Au lieu de cela, il peut déposer des plaintes auprès d’un tribunal des médias ou auprès du procureur général. Cependant, Abdul-Malik a déclaré que ces plaintes n’avaient abouti à rien lors des élections de 2018, qu’il supervisait également.

Suite à ce vote précédent, la commission a procédé à un certain nombre de réformes, notamment en la transformant en une entité juridique et en lui donnant un budget indépendant du ministère de l’Intérieur afin qu’elle puisse fonctionner en toute indépendance financière et administrative, selon Abdelmalek.

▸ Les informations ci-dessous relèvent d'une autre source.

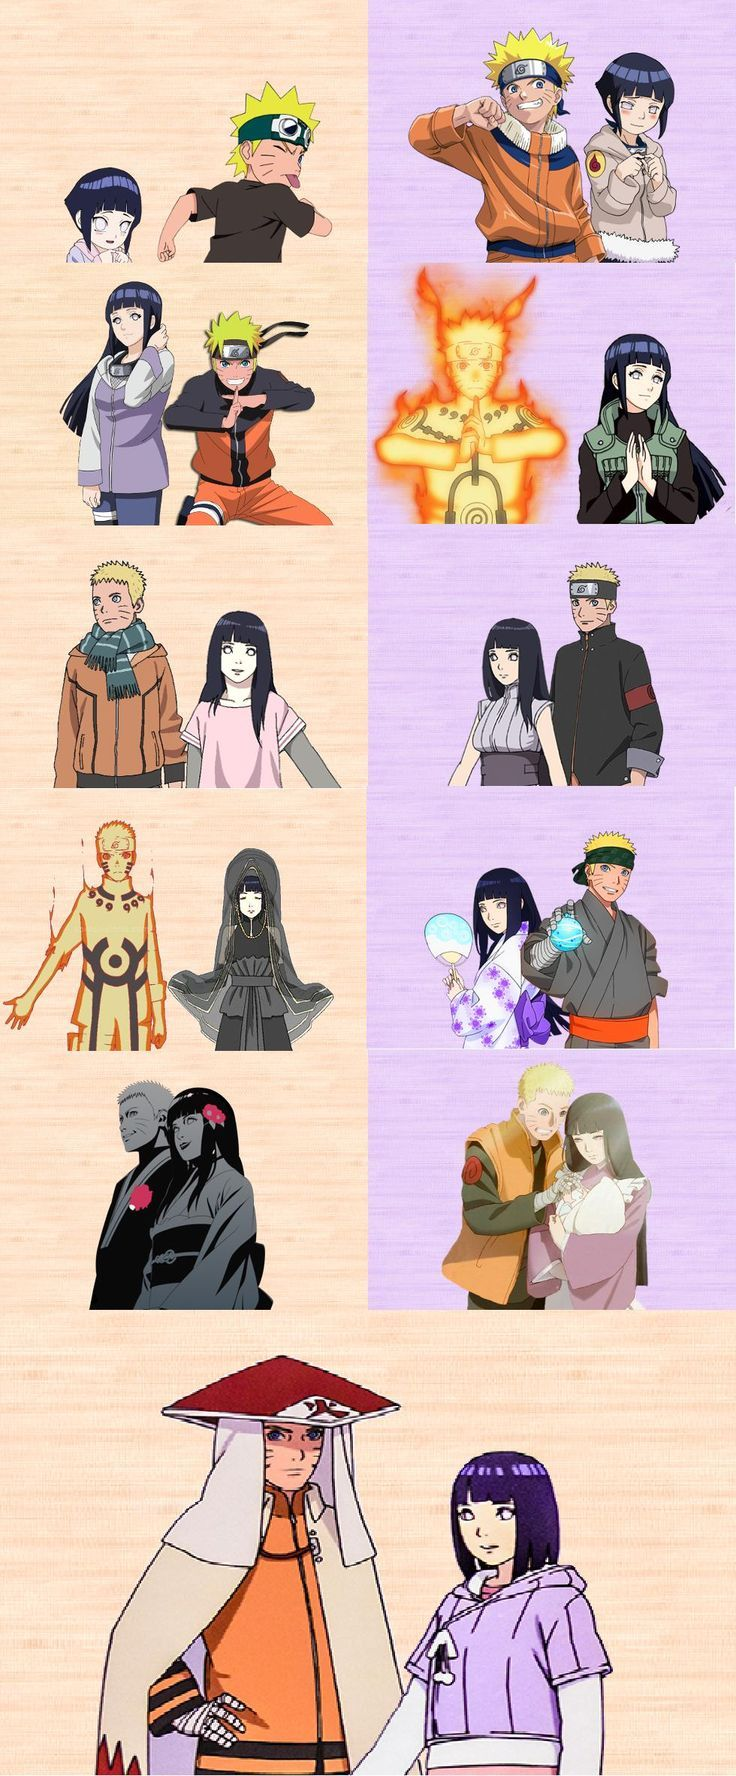 5493547f7eca16ae608538d20b614930.jpg (736×1776)   Naruto ...

Mais ces réformes n’ont jamais été mises en œuvre, puis la crise financière a éclaté. Le Liban a déclaré son incapacité à rembourser sa dette souveraine en mars 2020, et le gouvernement rencontre des difficultés pour subvenir aux besoins fondamentaux des citoyens.

Même le bureau d’Abdul-Malik lui-même a rarement l’électricité du réseau public et s’appuie sur un générateur privé qui fonctionne de huit heures du matin à six heures du soir. Lui et le personnel essaient de partir à ce moment-là pour éviter de rester coincés dans l’ascenseur.

Le budget de l’autorité est de 3,5 milliards de livres libanaises (environ 129 000 dollars) au taux de change du marché, ce qui ne représente que 60% de ce qui lui était demandé.

Le salaire d’Abdul-Malik est de dix millions de livres (370 dollars), tandis que les autres membres du comité reçoivent un salaire de moins de 300 dollars par mois et sont obligés de payer ce dont ils ont besoin au travail avec leur argent.

L’agence s’appuie fortement sur le Programme des Nations Unies pour le développement (PNUD), qui a formé plus de 30 moniteurs et aidé à déplacer l’équipement de surveillance au siège de l’agence, ce qu’Abdul-Malik a déclaré que le ministère de l’Intérieur avait même retardé la fourniture.